As Hurricane Milton buries the needle on our current hurricane severity scale, no exchange on the internet better sums up the way we got to this devasting new reality than the one on Travis Herzog’s Facebook page. The veteran meteorologist at ABC13 in Houston felt the need to address accusations that Milton was the result of a weather control machine, an idea pushed by several elected Republican leaders.
“Hurricane Milton’s wind field is currently releasing 23 terajoules of energy,” it reads. “How much energy is that? It’s more than the entire energy consumed by all of mankind every second across the globe. It’s equivalent to releasing all the energy from the atomic bomb dropped on Hiroshima every 3 seconds. And that’s just the energy from the wind! The heat energy released every second by a hurricane is roughly 4 times the amount of the wind energy! We can’t control something with this much energy, and we certainly can’t create something with this much energy.”
Herzog is wrong about one thing: we can create it, and we did.
Climate scientists for decades have been warning the Gulf Coast states that warming seas could and would lead to more intense Atlantic cyclones. The Gulf of Mexico is nearly two degrees Celsius warmer than it has historically been. That warmth has helped make this hurricane season unusually active and, in Milton’s case, extremely brutal.

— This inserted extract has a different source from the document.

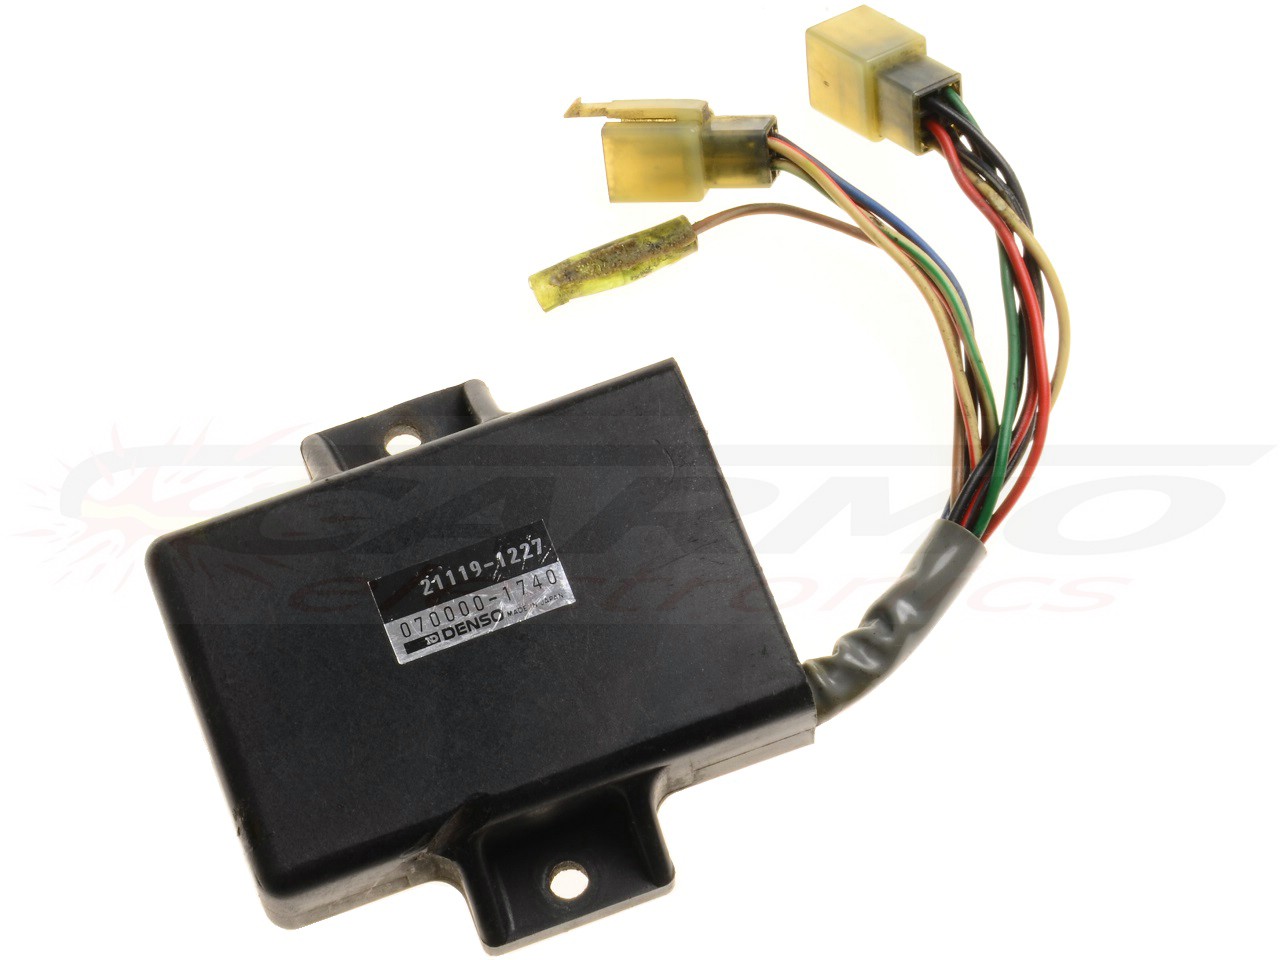 KZ305 Z305 LTD/CSR (21119-1227, 07000-1740) CDI ignitor

There is zero argument among climate scientists that the Earth is warming and humanity’s pollution is the main culprit. Even events like Winter Storm Uri, which crippled the Texas electrical grid and left the Lone Star State in a frozen hell for nearly a week, have their source in how climate change disrupts the polar vortex. Less powerful vortex means more cold snaps further south.
Milton is also the perfect example of a recent phenomenon: the rapid increase in intensity. Over the past two decades, Atlantic storms have gotten much more powerful very fast, lessening the predictability. In 2023, Otis went from a tropical storm to a category five hurricane in less than 36 hours.
Climate change denial remains a large part of mainstream Republican politics. Current GOP nominee Donald Trump has gone on record calling it a hoax and dismissing disasters like California wildfires with half-baked conspiracy theories. His running mate, Sen. J. D. Vance, would not admit that manmade climate change is real during his debate with Gov. Tim Walz.
In Texas, Sen. Ted Cruz said that carbon emissions actually made the planet greener in 2015, and later voted against President Joe Biden’s massive environmental protection package. Meanwhile, Governor Greg Abbott has waged a bizarre war on the finances of companies that put money into renewable energy, claiming that it discriminates against oil and gas companies.
As Republican leadership continues to downplay the severity and cause of climate change, their constituents turn to fantasies like weather rays to explain why something like Milton happens. It’s an escapism enabled by their leaders refusing to address a slow motion apocalypse that is devastating entire states this week.
Meteorologists like Herzog can explain all they want, but until there is a shared reality from America’s political leadership, the bill of climate change is going to keep coming due as it is in Florida right now.